By David Kopyc
Most Boomers do not have a pension plan and need to take their retirement assets they have accumulated over their working careers and create lifetime monthly income. For most of the boomers the defined benefit pension plan has been replaced by 401k plans that leave the responsibility to you and not your former employer.
Before you make a decision on the investment program that is best suited for your appetite for risk and the ability to weather the storm when markets become volatile, you need to consider the drawbacks of each decision you make. Never make a hasty decision that is irreversible that you may regret.

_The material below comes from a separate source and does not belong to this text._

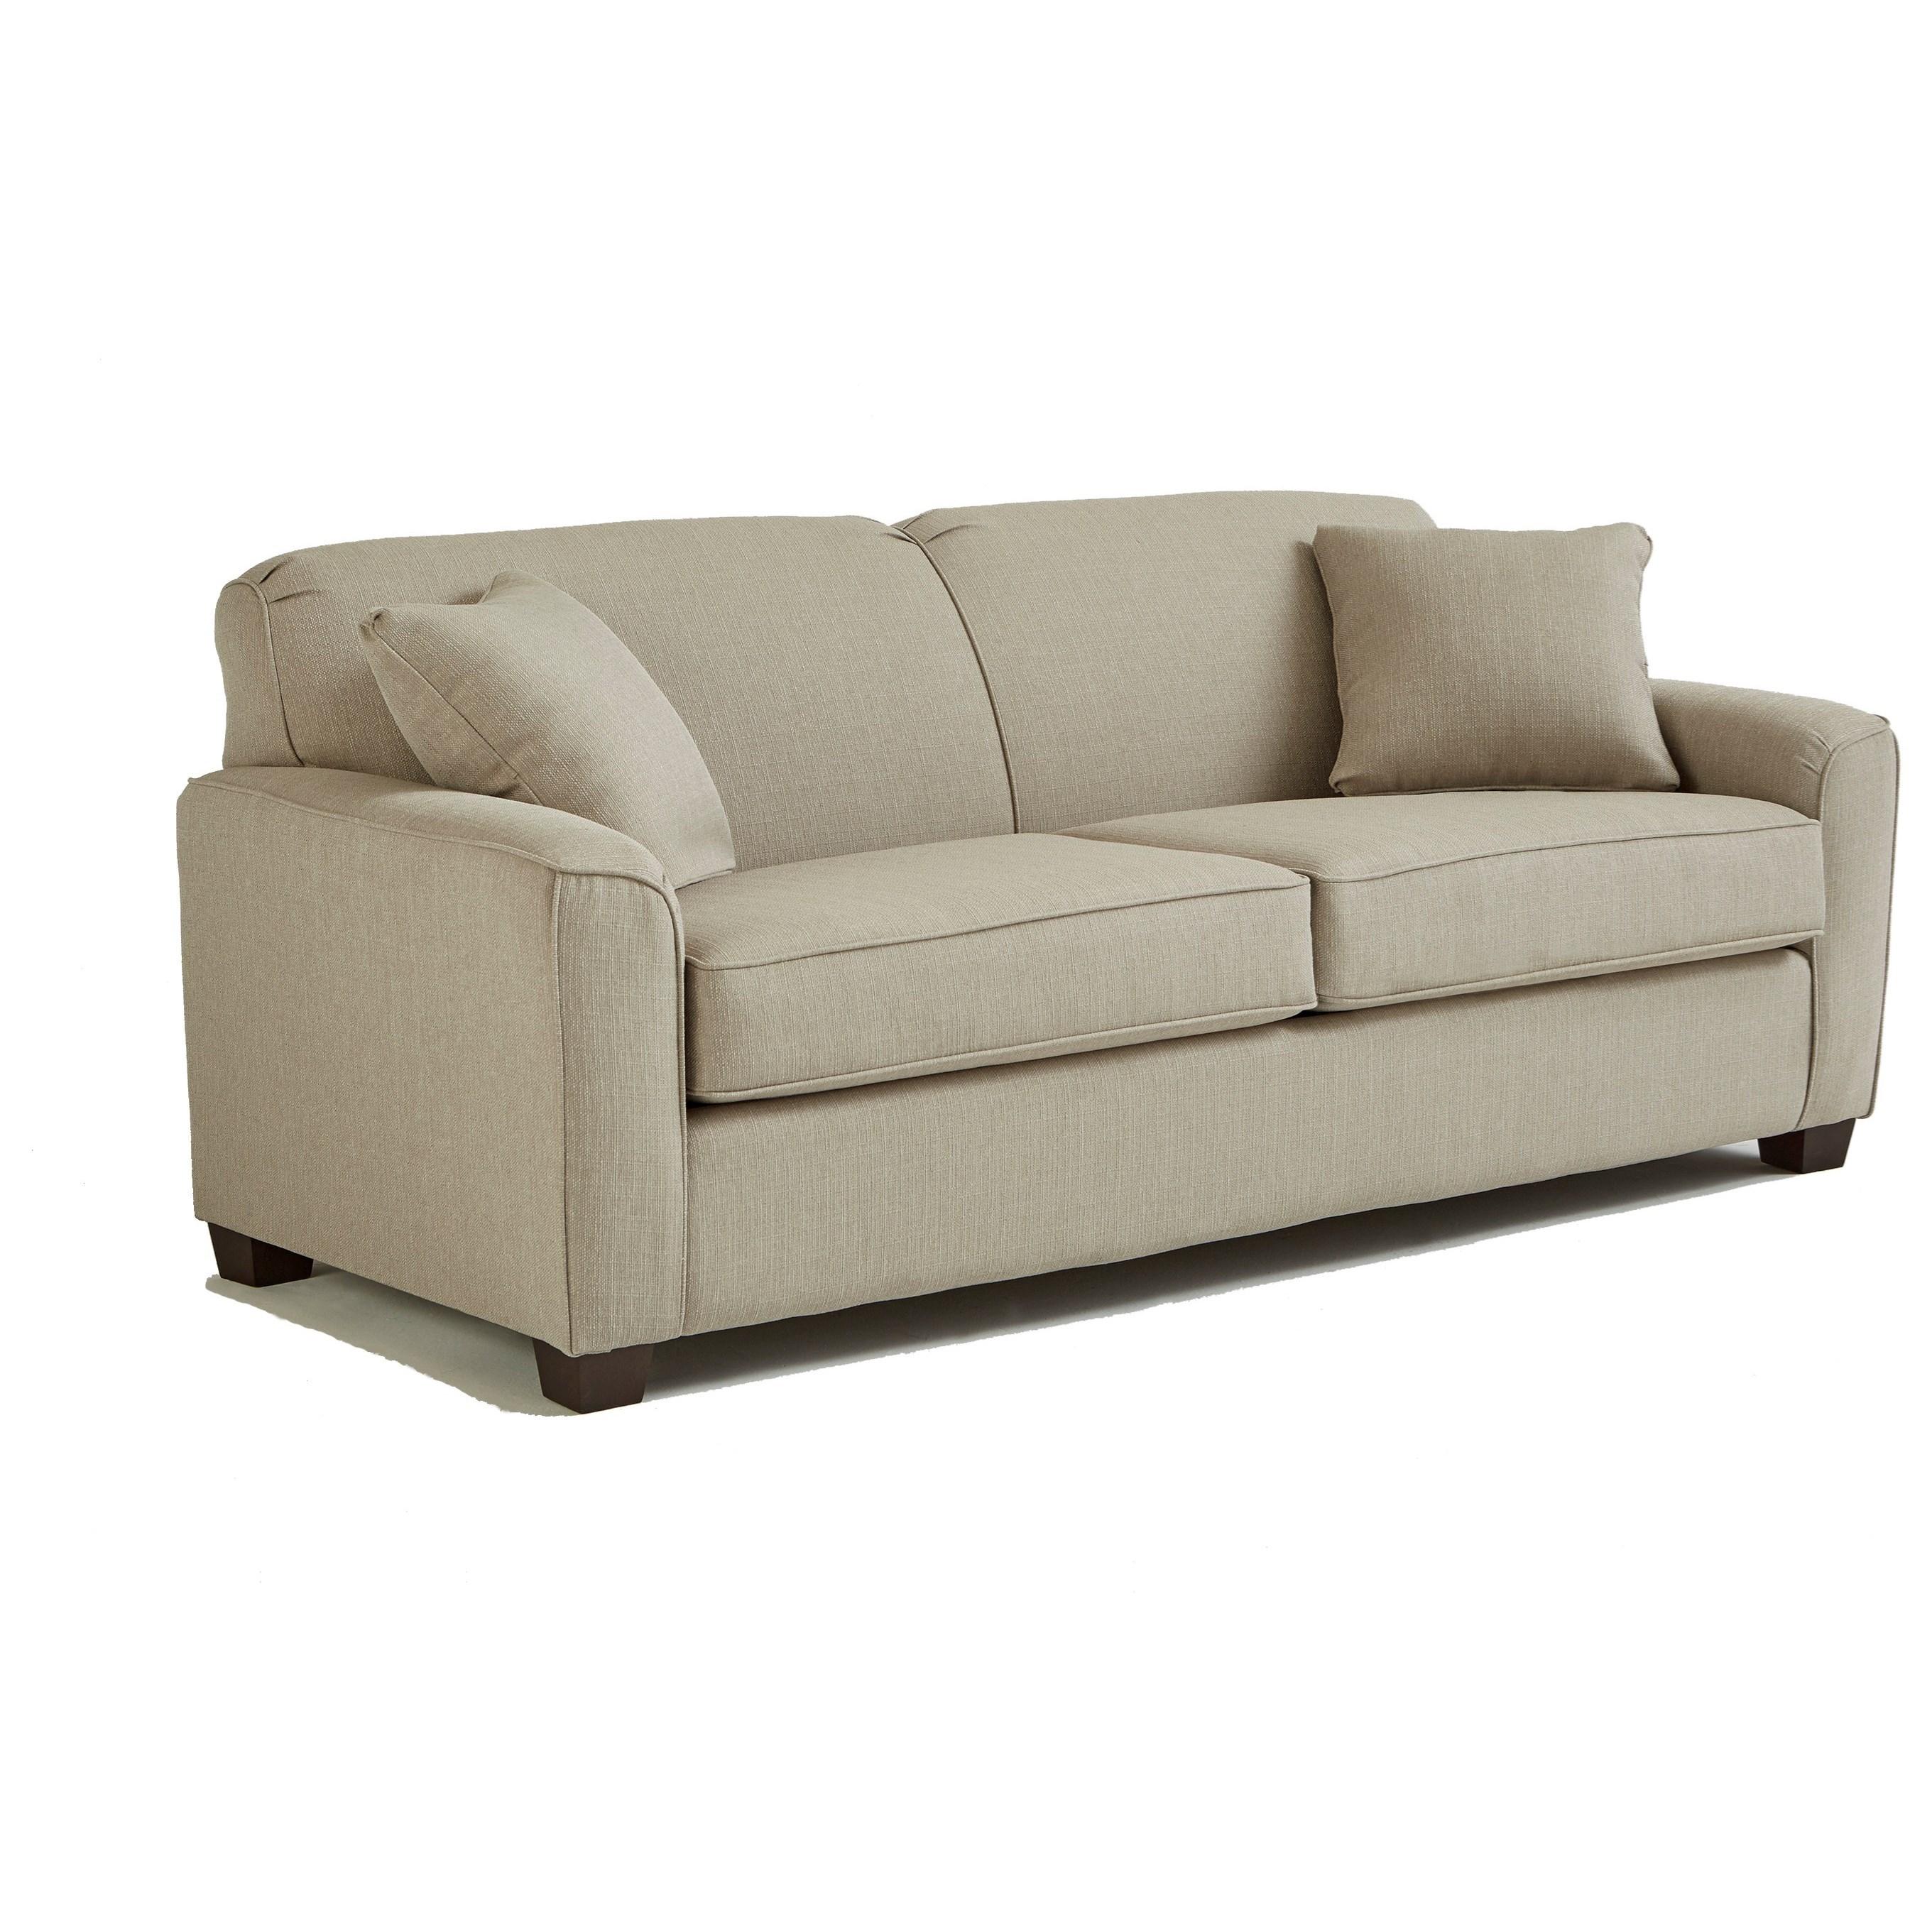 Dinah Queen Sofa Sleeper by Best Home Furnishings at Lapeer Furniture & Mattress Center

I’m a major advocate of preparing for this important decision at least three years from your time of retirement and I classify this as the red zone of building your baseline retirement income distribution plan. You need to start taking into consideration social security payments, the size of the pool of money that is going to be used for retirement income, and any other assets that may be calculated into this from savings accounts and any nonqualified assets you have set aside for your retirement years. If you are fortunate enough to have a pension benefit from a former employer than the benefit selection is critical especially if wish to protect a spouse.
Point of entry should also be discussed in great detail with your advisor. Are we in a low interest rate environment, has the stock market been in a bull market or bear market trend, and what is your true appetite for risk. We all remember 2008 and the financial crisis as if it was yesterday. Understanding the risks associated with the markets and doing a careful analysis many months before your retirement date will give you a chance of making a decision that you will not regret.
Finally, it is imperative that the financial organization you are working with offers an open architecture platform that allows you to have access to a wide variety of investment options. There should be no bias toward any type of investment option and there should be total transparency to evaluate if the investment is suitable for your retirement income distribution plan.
Retirement should be a time of enjoyment with family and friends and not a time of high anxiety and stress caused by the financial markets. Your retirement income distribution plan should be specific to you and your family and not one that is based on a cookie-cutter approach. You only get one chance at it, and hopefully it will be one filled with confidence that you have made the right decisions.